= TASK DETAILS =
Leave out the pictures and retype, exactly, the lines below from the line with "水粉静物 水壶、苹果、葡萄、玻璃杯、盘子等 冯斌画" up to and including the line with "Lululemon - Airing Easy Short-Sleeve Shirt", nothing more.

= DATA PROVIDED =
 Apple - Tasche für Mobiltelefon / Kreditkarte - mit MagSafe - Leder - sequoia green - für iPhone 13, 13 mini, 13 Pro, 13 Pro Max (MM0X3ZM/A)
---
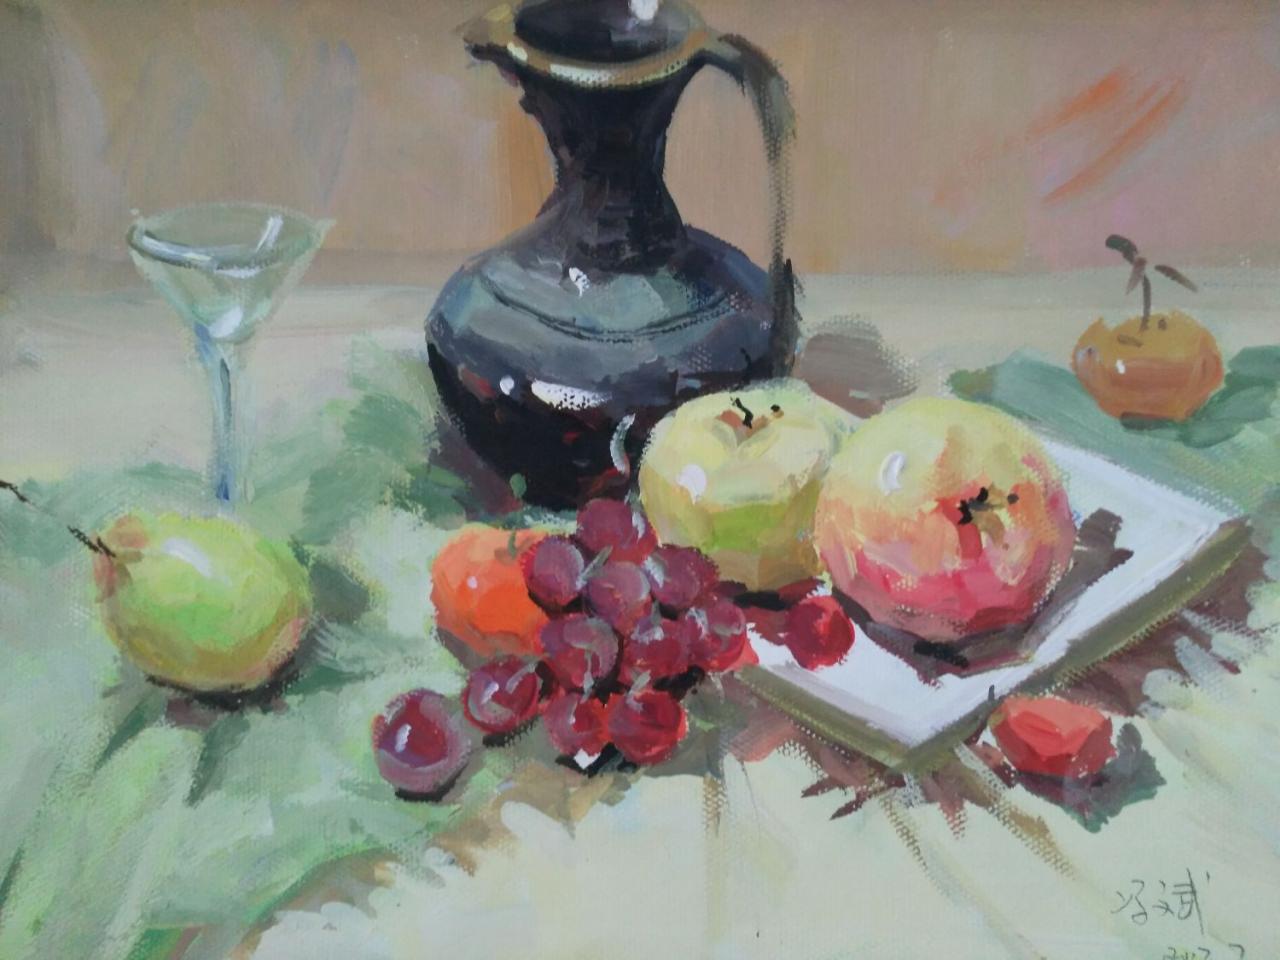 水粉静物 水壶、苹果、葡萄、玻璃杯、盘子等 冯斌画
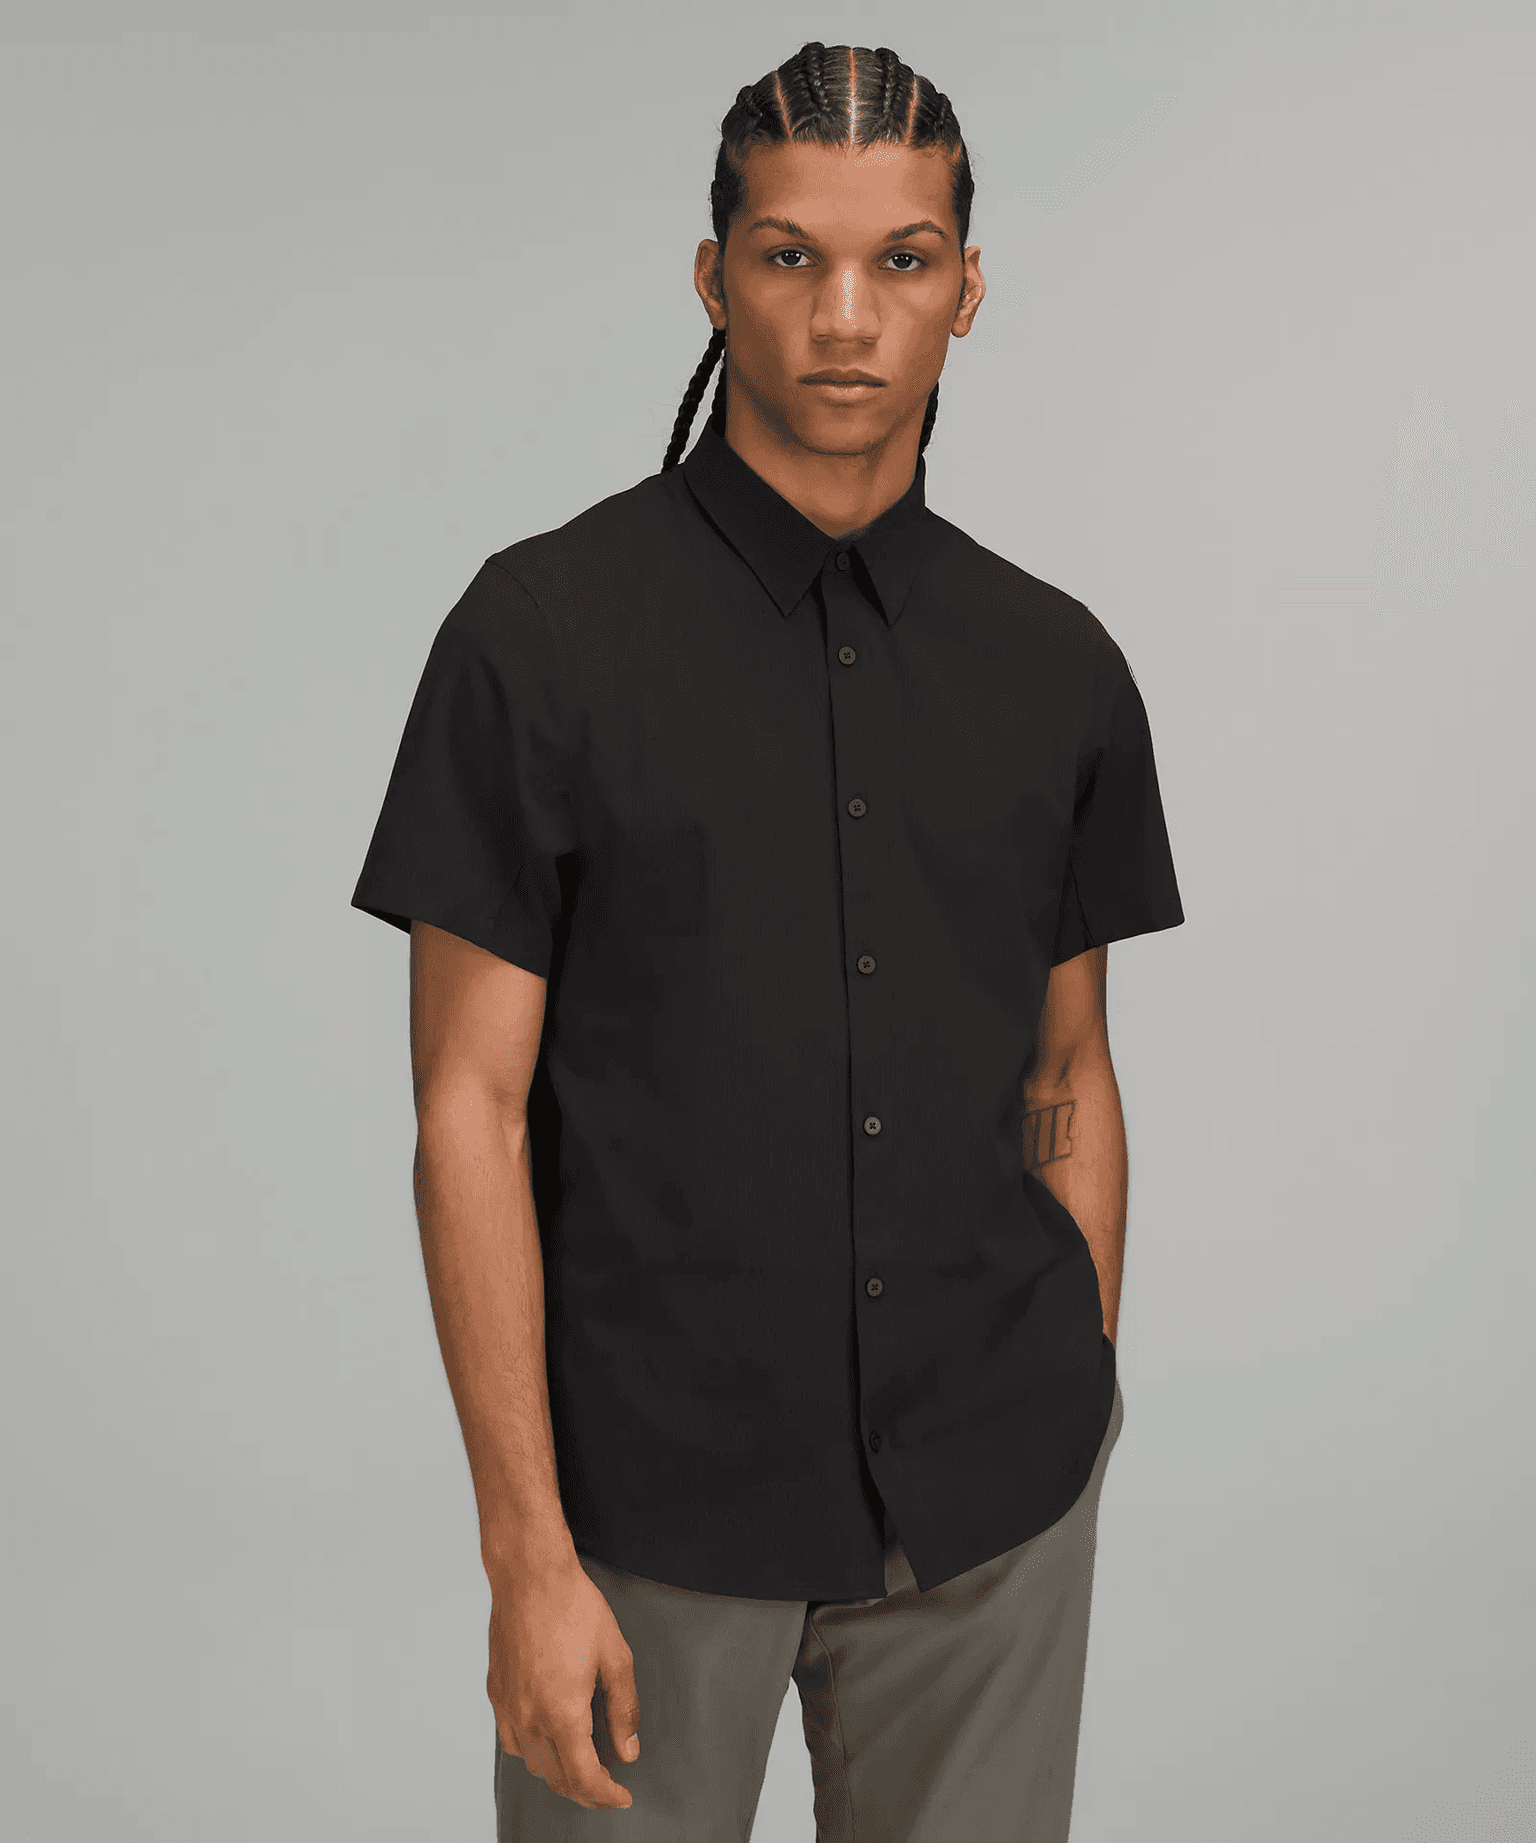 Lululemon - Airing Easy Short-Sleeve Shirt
* * *
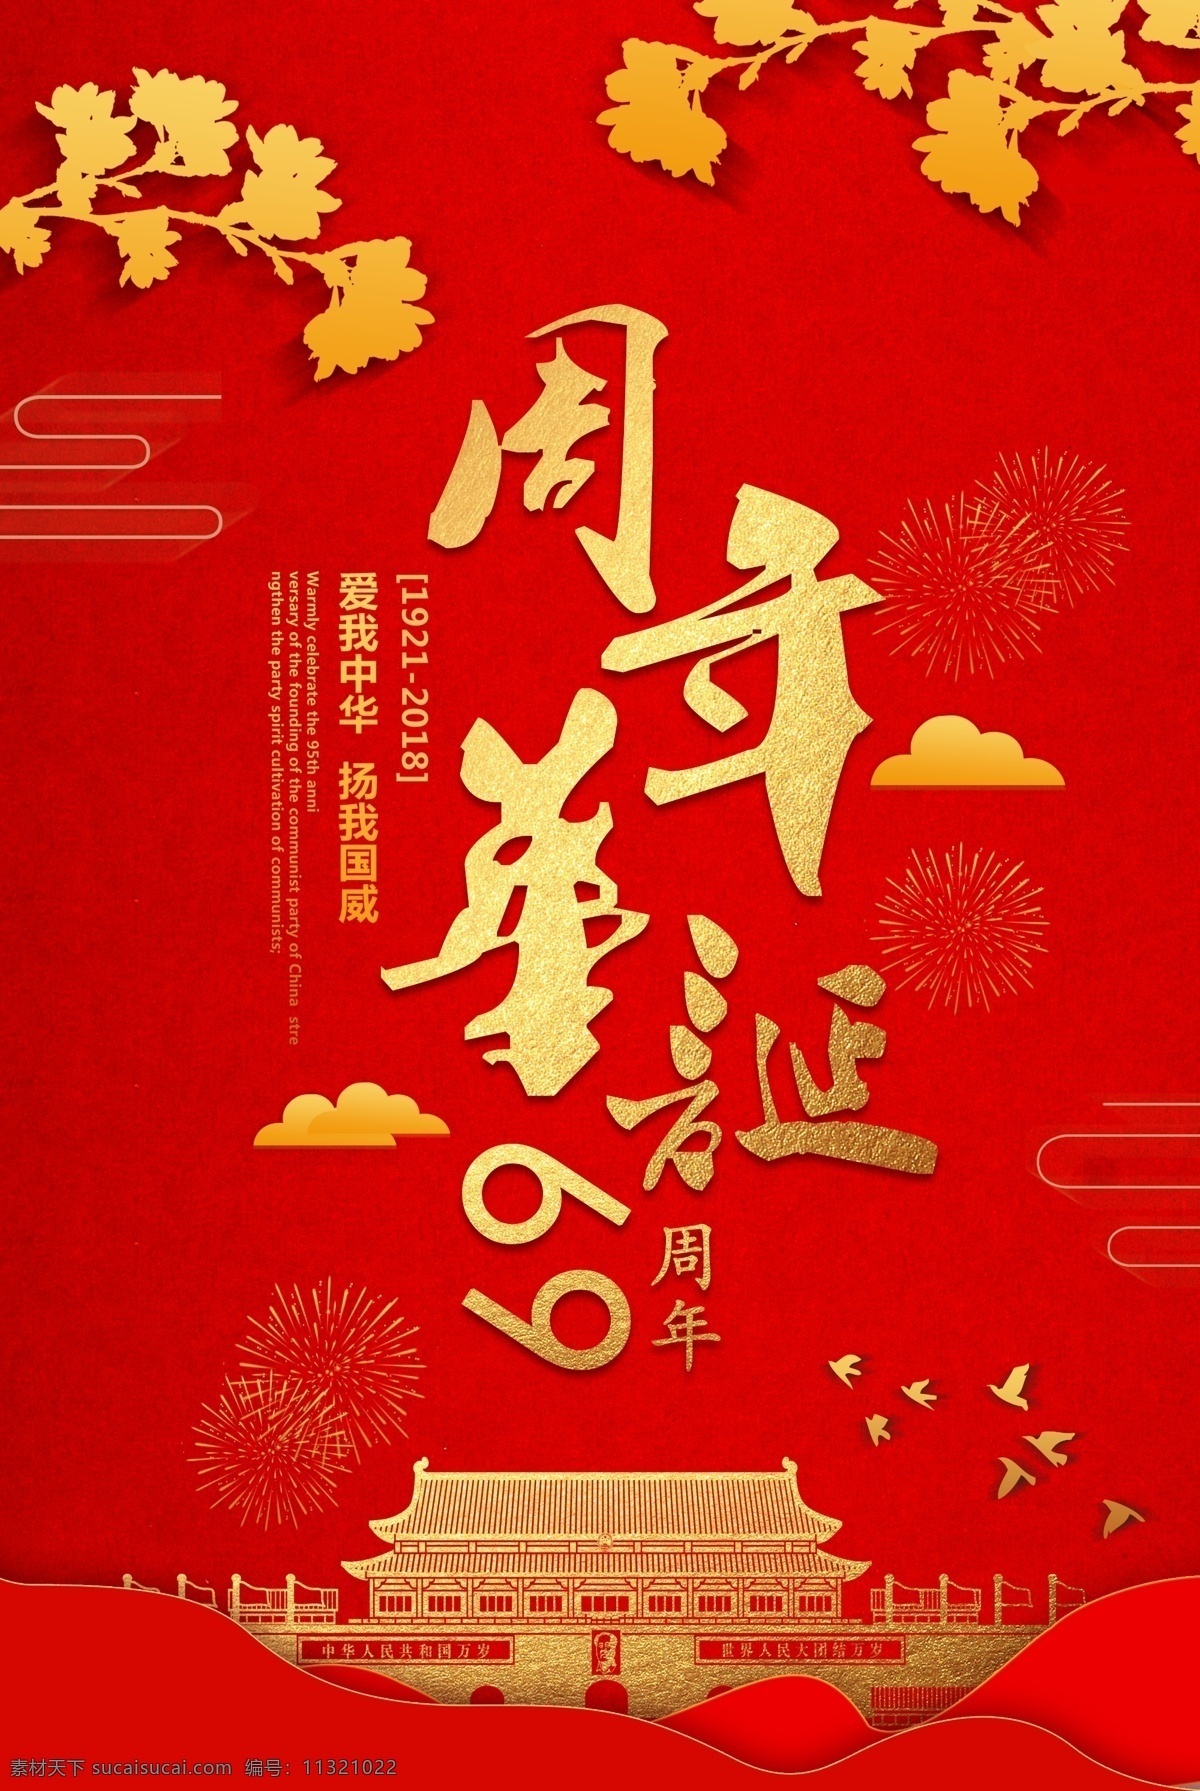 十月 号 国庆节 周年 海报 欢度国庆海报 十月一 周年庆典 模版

= TASK RESPONSE =
 水粉静物 水壶、苹果、葡萄、玻璃杯、盘子等 冯斌画
 Lululemon - Airing Easy Short-Sleeve Shirt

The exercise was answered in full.